PCI: How are women influencing the manufacturing industry today?

Ericson: According to a joint 2015 report by Deloitte, the National Association of Manufacturers (NAM) Manufacturing Institute and the APICS Supply Chain Council, there were more than 12 million manufacturing workers in the United States, accounting for 8.6 percent of the workforce. In the next decade, approximately 3.5 million manufacturing jobs will need to be filled, but, the skills gap is expected to result in 2 million unfilled roles.

Women traditionally have been underrepresented in manufacturing, and they present an incredible opportunity for manufacturers across the United States to tap into a fresh pool of talent, innovation and perspective. When manufacturers make a concerted effort to recruit, retain and promote women, their unique perspectives can address challenges quickly in today’s global economy. I’ve seen firsthand that teams with diverse sets of experiences and backgrounds develop the best, most creative solutions.


PCI: What possibilities are there for women in the manufacturing and broader STEM industries?

Ericson: There are countless paths for women to pursue in the STEM world, and the jobs involved vary greatly, from R&D to operations to the C-suite. By actively coaching and telling women of all ages, backgrounds and education levels that they have infinite potential, our generation has the power to alleviate the gender gap present in the industry. In my day-to-day operations, I observe women leading and influencing at the C-suite level, developing the next scientific breakthrough, or managing activity on a factory floor. There are countless ways women can leave their mark on the manufacturing industry.


PCI: Would you recommend a career in STEM to your four daughters? What advice would you offer them?

Ericson: I do encourage all of my daughters to pursue careers in STEM. In fact, my first two daughters are in STEM majors today. Careers in STEM tackle the biggest challenges our population faces like climate change, health and wellness, and zero waste. The number of career opportunities in this space will only continue to grow over time, as we become a more digitally intelligent world.

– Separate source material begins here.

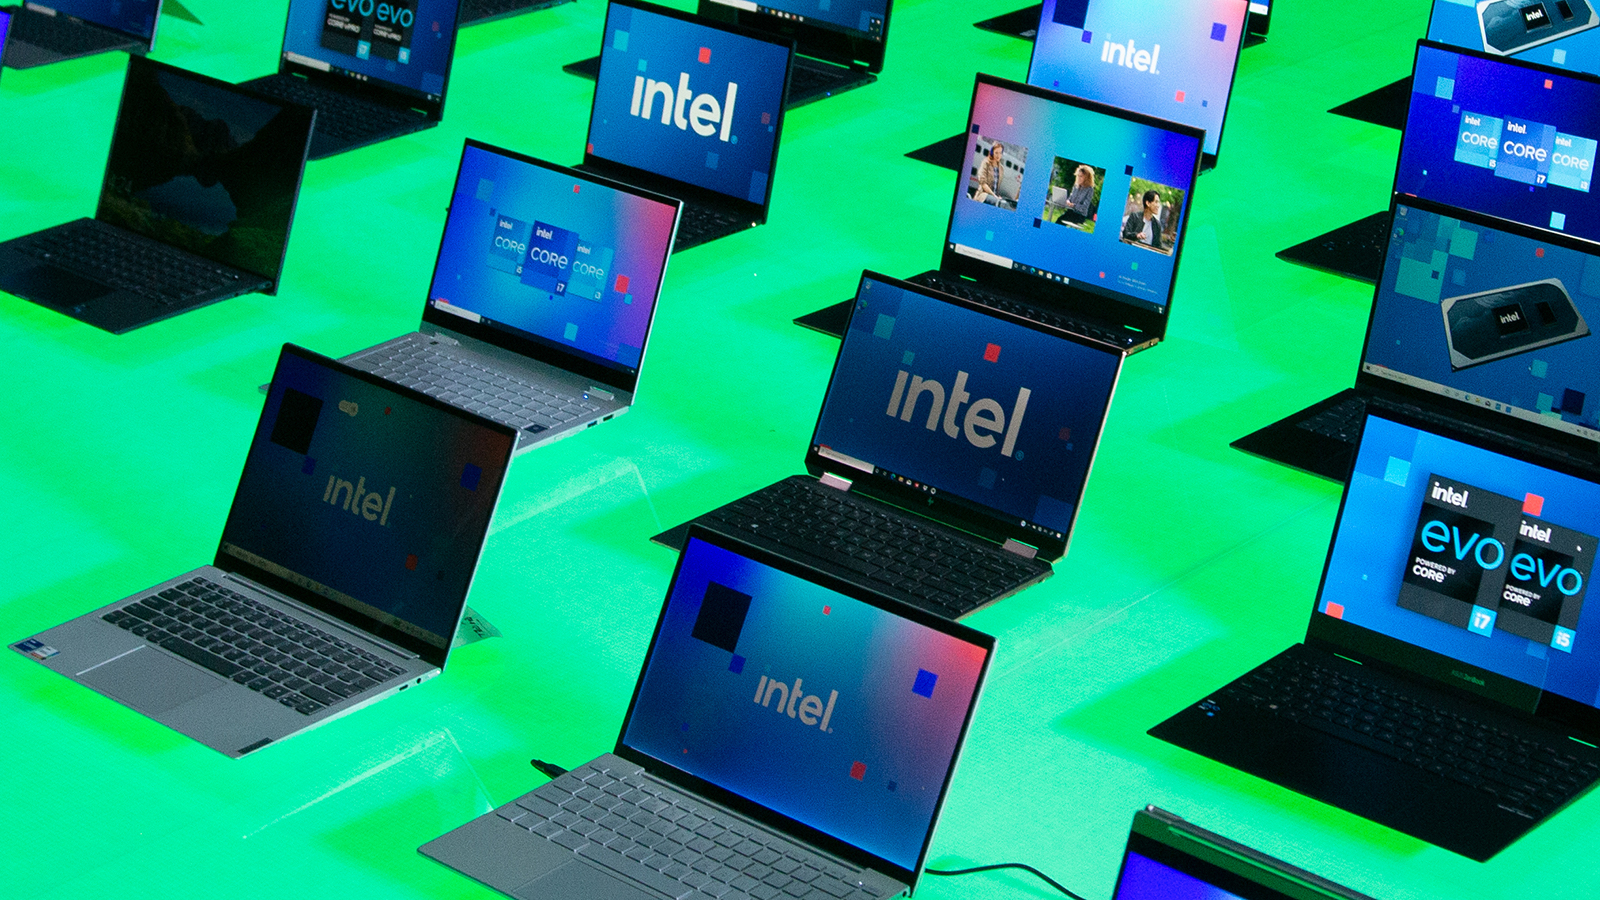 Осторожно, AMD: Intel впервые в мире представляет 24-ядерный процессор для ноутбуков

I encourage them to read everything in front of them, stay curious and to begin visualizing what their ideal career entails. Does that career have you traveling often? Do you like building things with your hands? Would you like to work in a lab? Would you find that kind of work fun and fulfilling?

Those of us who have spent our careers in STEM need to be sure we create excitement about the possibilities of what science and all the associated topics can do to better society.


PCI: What advice would you offer to women entering the workforce?

Ericson: Always find new ways to build your credibility within your organization. People of all levels need to know that they can trust what you say and that you are a credible ally. Credibility starts with building expertise, so I truly believe anyone can be an expert in whatever it is that they manage. Your credibility will solidify as you continue to meet and exceed expectations of those around you.

Secondly, enlist to take on new challenges, even if those experiences are out of your understanding. If a project falls on your team’s lap that requires you to work with individuals outside of your circle, raise your hand and volunteer to lead or support the assignment. By doing this you will learn more about your organization and simultaneously grow your network of experts in the process.

I would like to thank Amy for her insights, her example in leadership, and her efforts to encourage young girls and women to pursue careers in manufacturing.